Much of the film is devoted to chronicling Cohen’s own spiritual journey and his evolving relationship with his Jewish faith, from his poetry to his later years at a zen center atop Mt Baldy. Singer Regina Spektor marvels about his graciousness at his Coachella performance in 2009, saying that it was like Cohen was teaching the audience how to be good.
And yet, for all the talk about and praise for his seeking, this is a film that seems completely uninterested in the fact that he’s the father of two children. We see photos of them as babies with their mother during an offhanded mention that his family was breaking up. A reporter mentions the kids later, but only in context of clarifying that their mother Suzanne Elrod was not in fact the woman he was singing about in Suzanne.
Photo: AP
There could be many reasons for this, including possibly honoring the wishes of his grown children, or wanting to focus on the work. But the absence of any acknowledgement makes this attempt at a deep, holistic portrait of Cohen feel incomplete at best. There is more time devoted to explaining the aesthetics of Shrek than his relationship with his kids.
Or maybe they just weren’t really part of the path to Hallelujah, though his daughter did have a child with Rufus Wainwright, who is responsible for one of the more famous covers of the song, featured on the wildly successful Shrek soundtrack.

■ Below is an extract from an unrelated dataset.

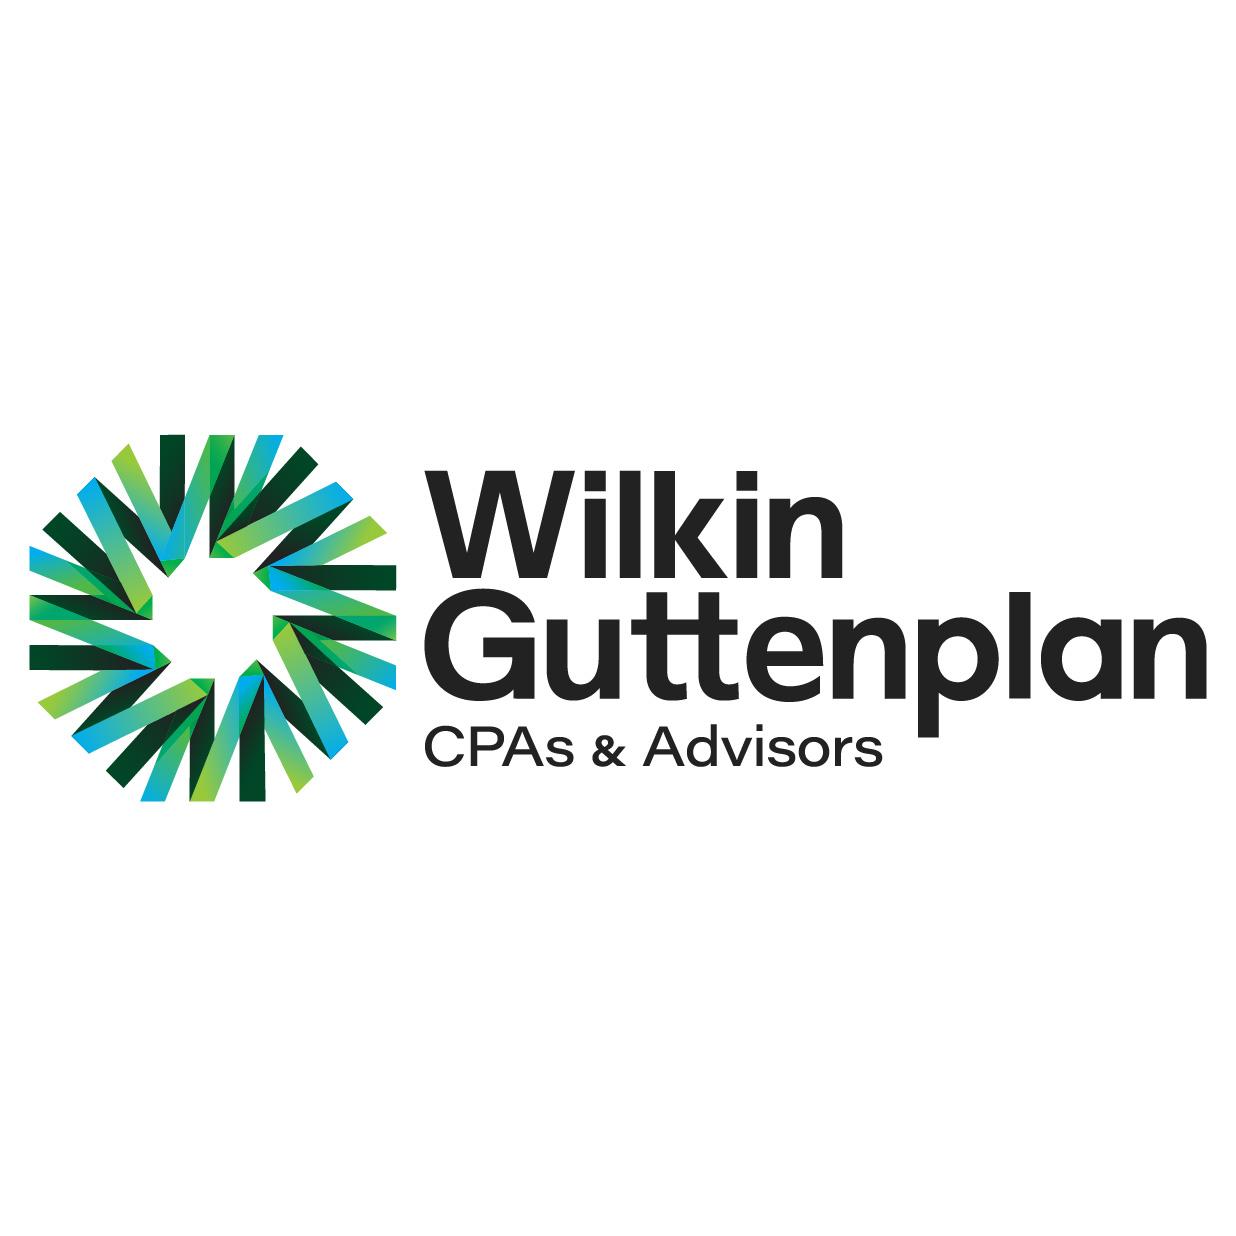 Wilkin Guttenplan Online Directory-01

A lot of credit for the prolonged life of the song is given to Shrek. Even though movie soundtracks have diminished somewhat in cultural currency, it is hard to underestimate the power of hearing a great song for the first time in a movie.
It is interesting, though, that it seems to have been John Cale’s cover that became the most influential. He stripped down the arrangement, took to the piano, belted out the lyrics and turned Hallelujah into a melodic anthem. Jeff Buckley even said that though Cohen wrote the song, it was Cale’s version that he was covering. No one, it seems, from Brandi Carlile to Bono to Eric Church, is out there singing Cohen’s version.
In one interview, after Hallelujah placed No 1 (The X Factor contestant Alexandra Burke), No 2 (Jeff Buckley) and No 36 (Cohen) in the UK in 2008, Cohen said he thought “People ought to stop singing it for a little while.” Sloman believes he was kidding, but it hardly even matters at this point. The song became bigger than Cohen and seems destined to live on in the culture for years to come.
Hallelujah: Leonard Cohen, A Journey, A Song, a Sony Pictures Classics release in theaters Friday, is rated PG-13 by the Motion Picture Association for “brief strong language and some sexual material.” Running time: 115 minutes.